Intel i9-12900K Alder Lake Linux Performance In Different P/E Core Configurations

Collapse
X
 
  • Filter
  • Time
  • Show
Clear All
new posts

  • #81
    Originally posted by mdedetrich View Post

    I am getting the impression that the biggest issue appears to be Intel trying to provide a solution for something that from at least my OS studies back at uni is not really solvable, i.e. automagic scheduling on big little design that generally works better than the alternative. Big little designs work best when developers specifically code into their applications how to use cores, i.e. if you are virus scanner you would pretty much always want to use an E core, or for background tasks like checking for emails or index'ing for fuzzy file search.

    This is because knowing what should run on an e-core and what should run on a p-core is primarily a subjective thing, its when making something deliberately slower but to save power is acceptable which depends on the context of the application.
    Processor architectures are created by humans, as are operating system kernels and schedulers. Even an NP-complete problem is solvable with crude techniques.

    Optimus is supposed to know which applications should run on the powerful Nvidia GPU cores while lesser applications get punted off to the iGPU. Sounds magical but really isn't. What Nvidia implemented was a dictionary of applications with static declarations of what should run where. Worked well enough that it did not get in the way of users who knew nothing about Optimus, while the more savvy ones went around editing said dictionary for their individual preferences.

    Comment


    • #82
      Originally posted by Sonadow View Post

      Optimus is supposed to know which applications should run on the powerful Nvidia GPU cores while lesser applications get punted off to the iGPU. Sounds magical but really isn't. What Nvidia implemented was a dictionary of applications with static declarations of what should run where. Worked well enough that it did not get in the way of users who knew nothing about Optimus, while the more savvy ones went around editing said dictionary for their individual preferences.
      Yes but GPU's have a very different workload, they are much more specific than general purpose CPU's. Also Optimus is incredibly crude, it just sees how much load you have on the GPU and if the load is very high then it moves it to the discrete GPU.
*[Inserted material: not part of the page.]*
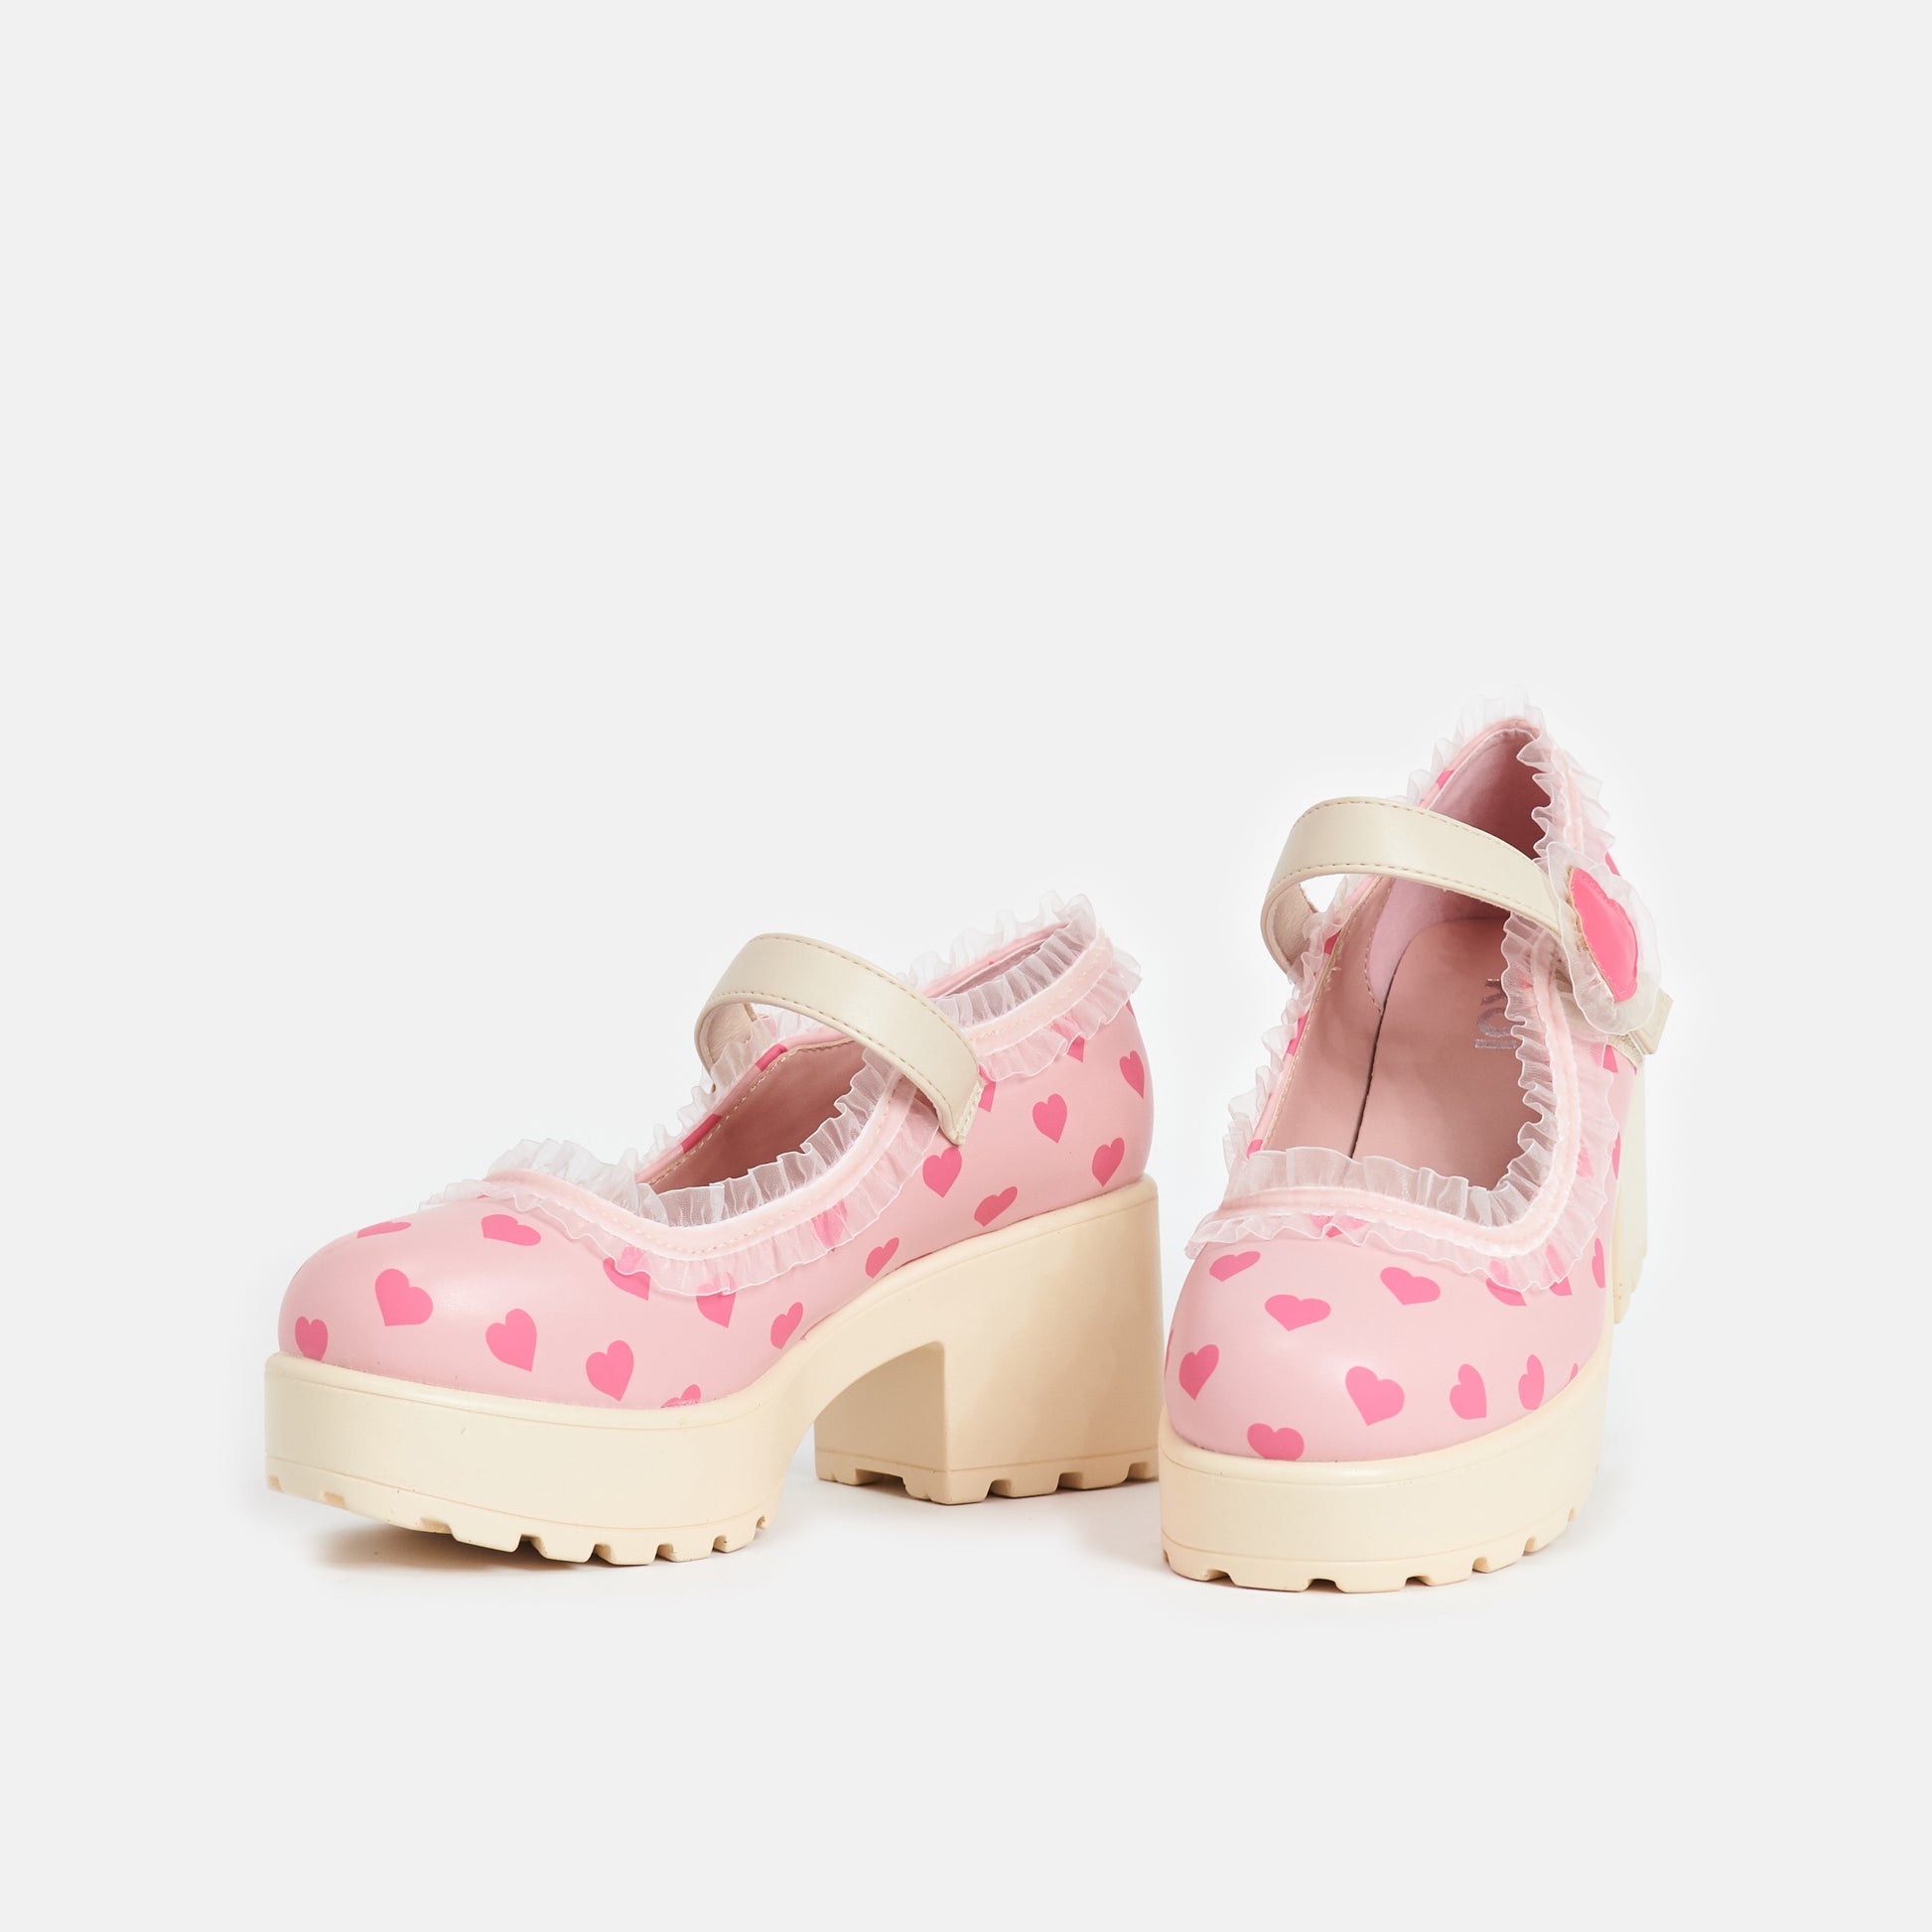 Tira Mary Jane Shoes 'Melanie Sweetheart Edition' - Mary Janes - KOI Footwear - Beige - Three-Quarter View

      What we are dealing with big-little is an entirely different problem and its already been shown numerous times that the scheduler does close to jack shit when it comes to optimising anything. Steve from Gamers Nexus did extensive performance testing on Windows 10 (which has no scheduler) vs Windows 11 and the difference is almost completely negligible (talking about <1% if anything)

      This is what I meant what I said earlier about a "completely magical scheduler" not really existing, at least not one that makes enough of a difference.

      Comment


      • #83
        Originally posted by mdedetrich View Post

        Yes but GPU's have a very different workload, they are much more specific than general purpose CPU's. Also Optimus is incredibly crude, it just sees how much load you have on the GPU and if the load is very high then it moves it to the discrete GPU.

        What we are dealing with big-little is an entirely different problem and its already been shown numerous times that the scheduler does close to jack shit when it comes to optimising anything. Steve from Gamers Nexus did extensive performance testing on Windows 10 (which has no scheduler) vs Windows 11 and the difference is almost completely negligible (talking about <1% if anything)

        This is what I meant what I said earlier about a "completely magical scheduler" not really existing, at least not one that makes enough of a difference.
        And yet Alder Lake performs much better on Windows than it does in Linux.

        There is definitely something going on in the Windows scheduler, that much is for sure. Microsoft is no stranger to BIG.little; they dealt with it before in Windows RT on the Tegra 3 and they recently worked with it again on the SQ1 and SQ2 for the Surface Pro X. It will be hardly a surprise if the lack of performance difference for Alder Lake in Windows 10 and Windows 11 simply comes down to the fact that Microsoft has already worked on the scheduler to the point where the version in Windows 10 is punting jobs between the P cores and the E cores properly.

        Comment


        • #84
          Originally posted by mdedetrich View Post

          I am getting the impression that the biggest issue appears to be Intel trying to provide a solution for something that from at least my OS studies back at uni is not really solvable, i.e. automagic scheduling on big little design that generally works better than the alternative. Big little designs work best when developers specifically code into their applications how to use cores, i.e. if you are virus scanner you would pretty much always want to use an E core, or for background tasks like checking for emails or index'ing for fuzzy file search.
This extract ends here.